# [WHAT THE EXERCISE ASKS]
In the data below, begin at the line with "Funko Five Nights" and stop after the line with "cool lamp 39793"; output those lines exactly and no pictures.

# [AVAILABLE DATA]

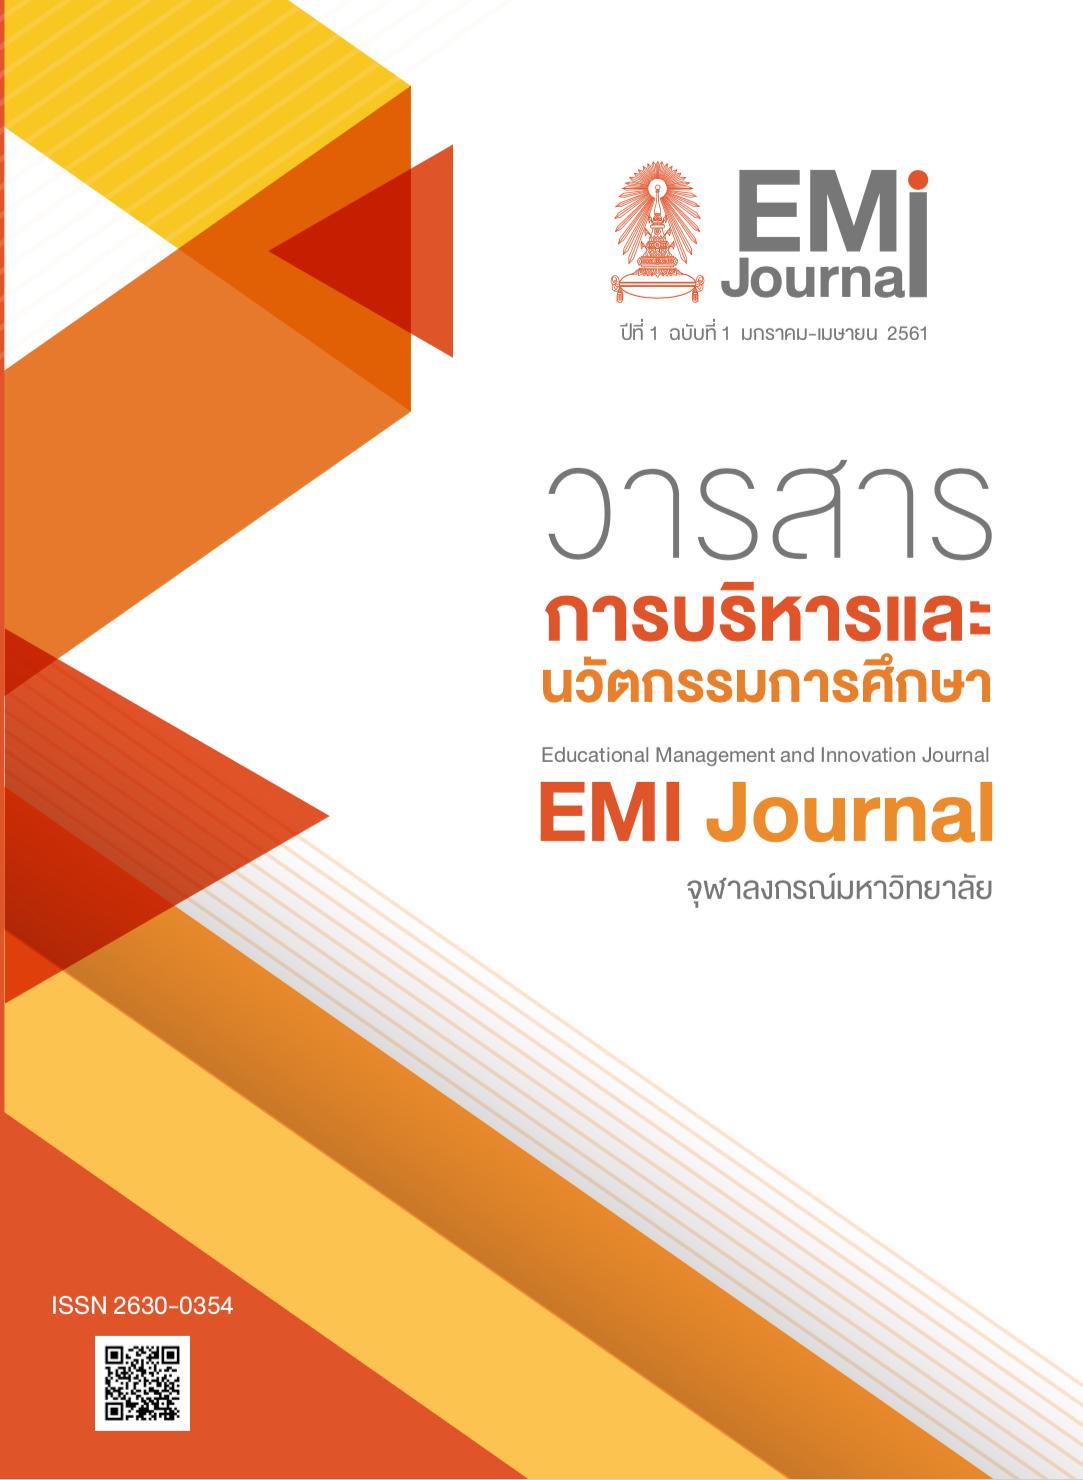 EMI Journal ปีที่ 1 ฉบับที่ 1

==

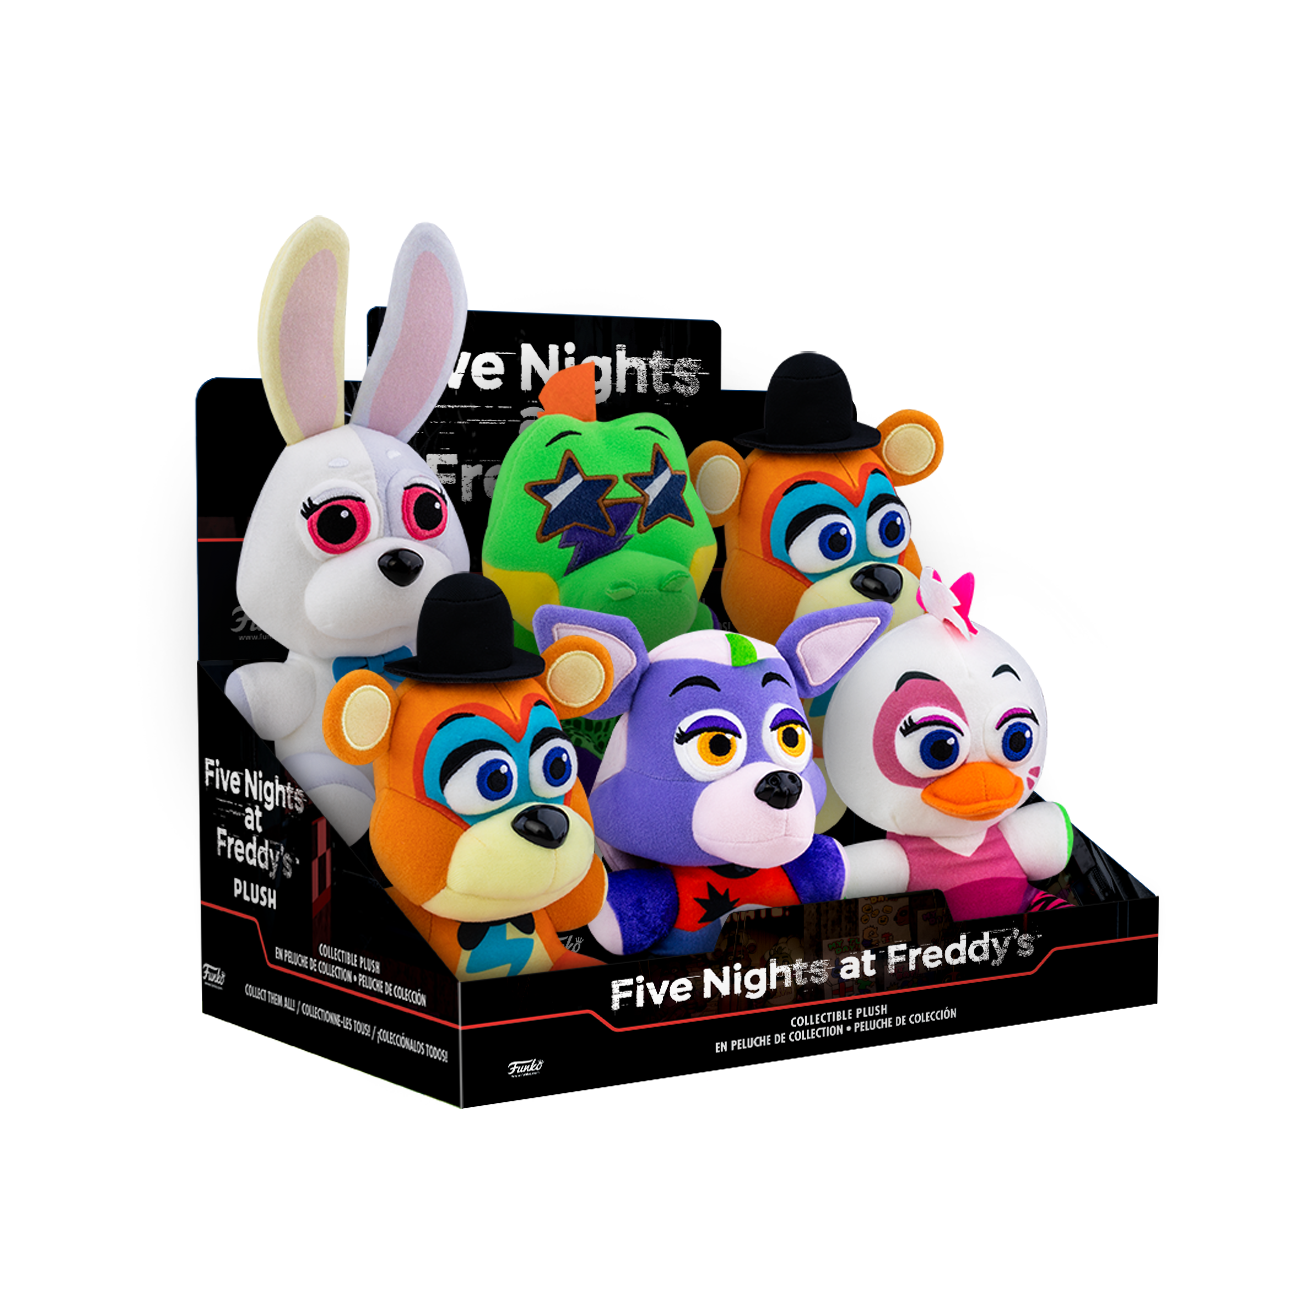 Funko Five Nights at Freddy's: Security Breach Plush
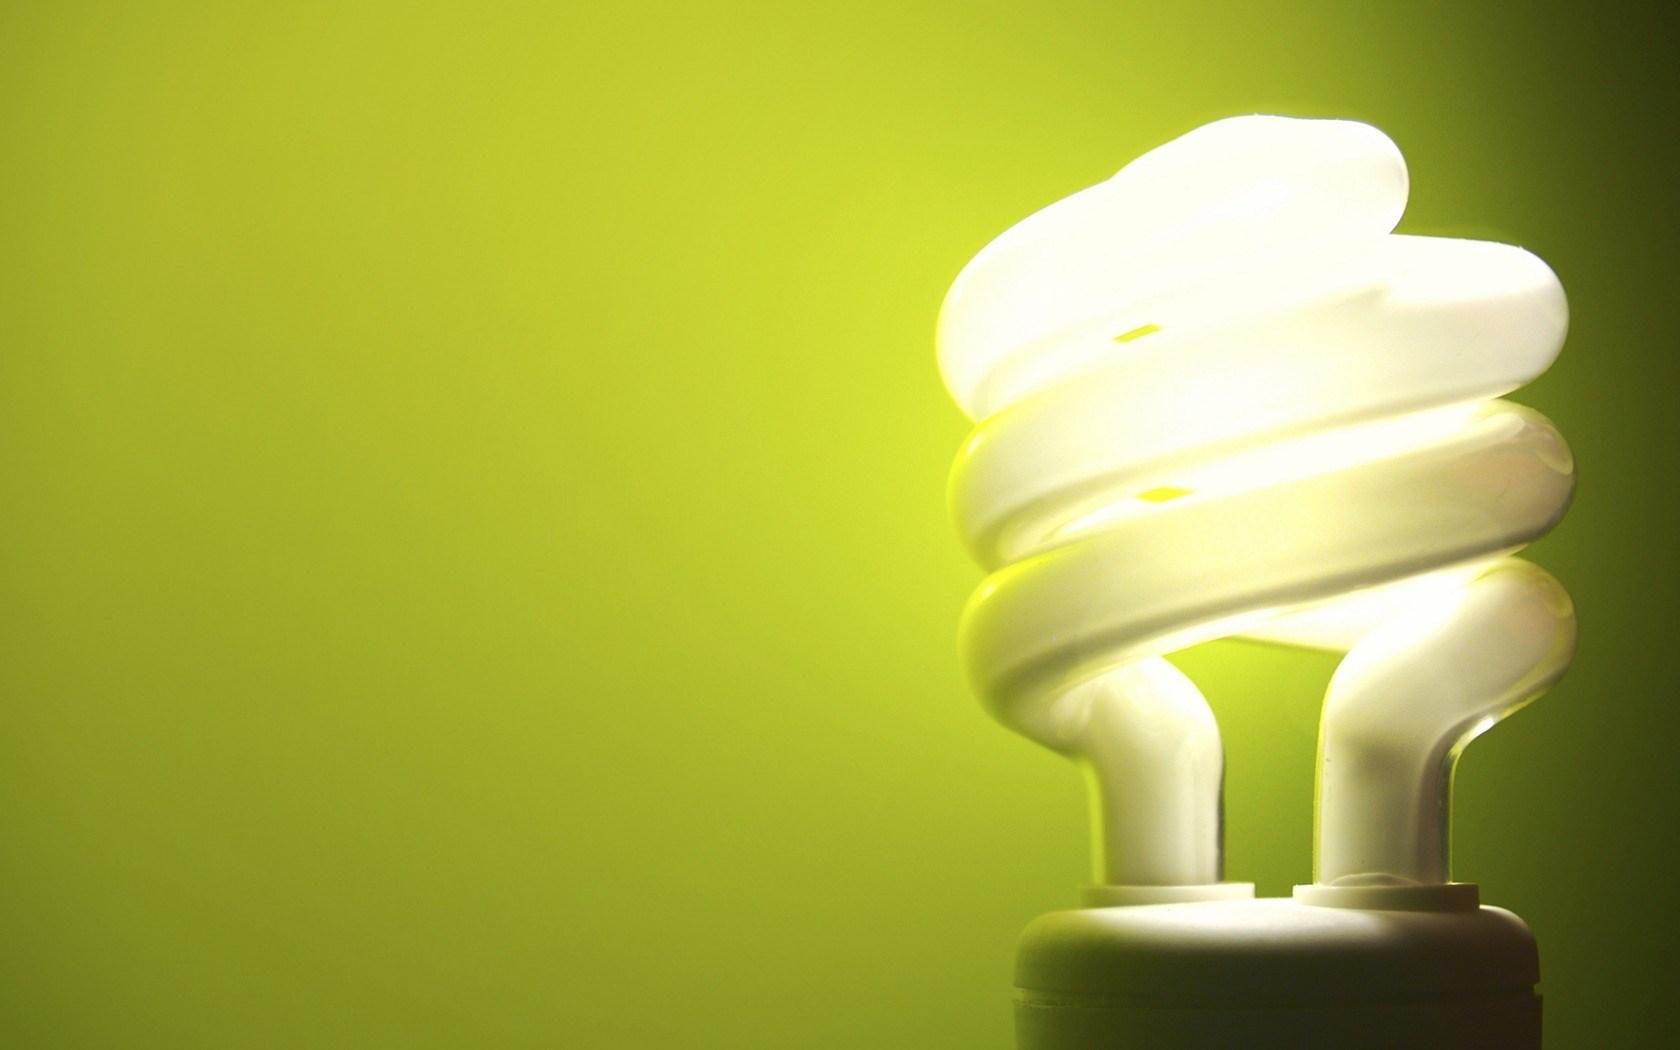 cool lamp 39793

# [RESPONSE BOX]
 Funko Five Nights at Freddy's: Security Breach Plush
 cool lamp 39793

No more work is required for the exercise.